The Localism Act has introduced a new type of community led plan, building on earlier attempts to develop Parish and Village Plans. Communities now have the right to produce a Neighbourhood Plan, setting out policies on the development and use of land in a parish or neighbourhood area. Where the Local Authority’s Local Plan/Core Strategy identifies a requirement for growth within the area, the Neighbourhood Plan will show how that level of growth can be met, so as to be consistent with the wishes of the community. Neighbourhood Plans have the potential to strengthen the intent behind earlier initiatives such as Village and Parish Plans.

Village Plans and Neighbourhood Plans

In recent years many village communities developed a Village Plan or Parish Plan intended to help guide the provision of services and facilities within the village, as well as influencing planning applications for developments in their area. Usually these were based on a village-wide questionnaire of all residents, seeking their views on aspects of village life from housing to recreation, from traffic to the environment.

Local examples include the West Horsley Parish Plan (based on a questionnaire in 2008) and Bookham Vision whose report was produced in 2010. In Effingham, VERA (Village of Effingham Residents Appraisal) was carried out in 2000 using a village-wide questionnaire. The VERA report gave an interesting view of residents’ opinions about services and facilities in the village, but it was not progressed into a Village Plan.

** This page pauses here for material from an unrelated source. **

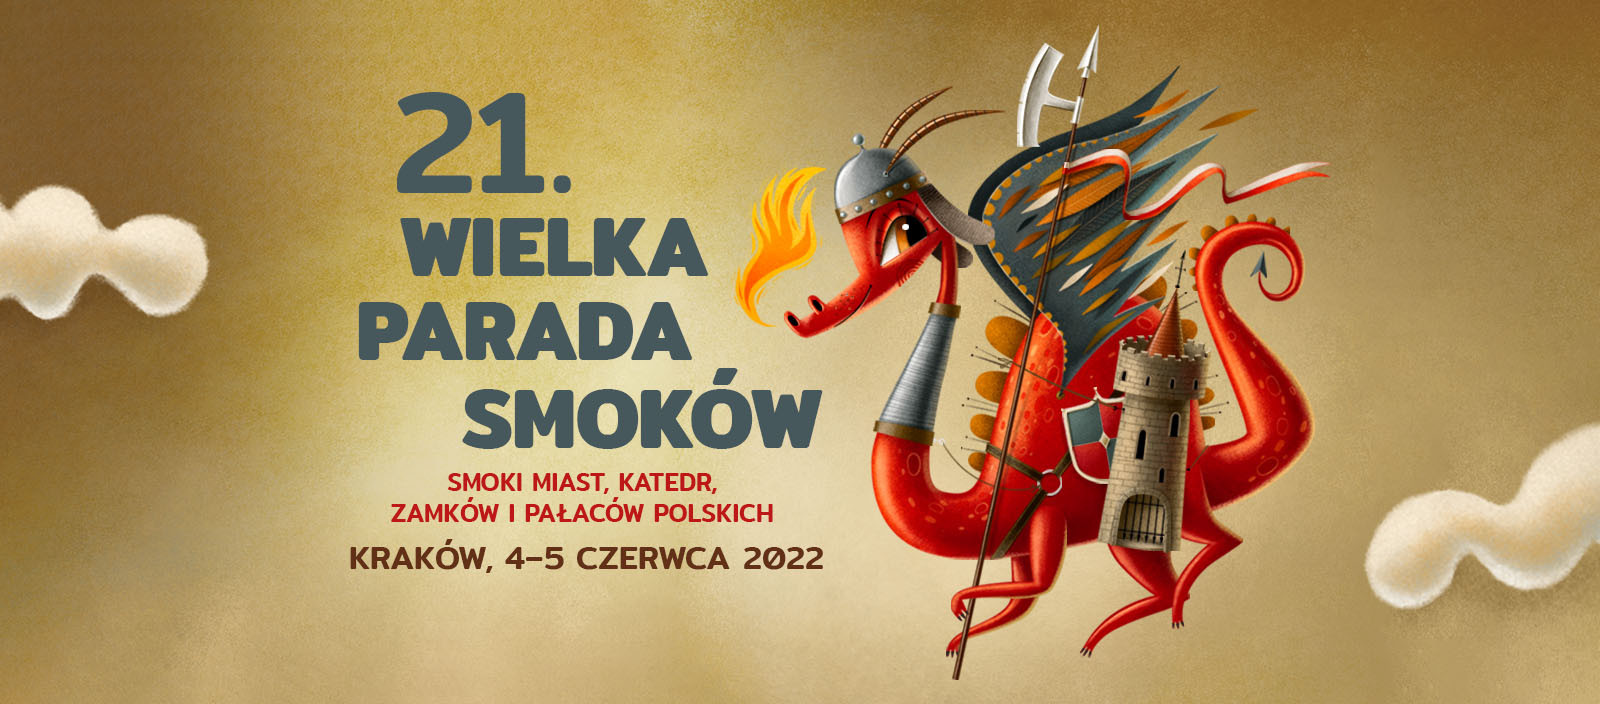 21. WIELKA PARADA SMOKÓW - Smoki miast, katedr, zamków i pałaców polskich

These early Village Plans differed from the new Neighbourhood Planning initiative in the extent that they could set out a vision for an area but did not constitute formal input into local planning policy. Now, within the Localism Act (2011), there is provision for local communities to have a stronger, more formal input into the future planning of their area through the preparation of Neighbourhood Plans (sometimes called Neighbourhood Development Plans). These must be consistent with local authority planning policies (the Local Plan), but they provide the opportunity for communities to have a formal influence on the sort of development that is acceptable in their area. Neighbourhood Plans will be adopted and become part of local planning policy if they receive a 50% ‘yes’ vote in a public referendum. A Neighbourhood Plan might also result in a Neighbourhood Development Order which would grant planning permission for specific proposals if the community agrees.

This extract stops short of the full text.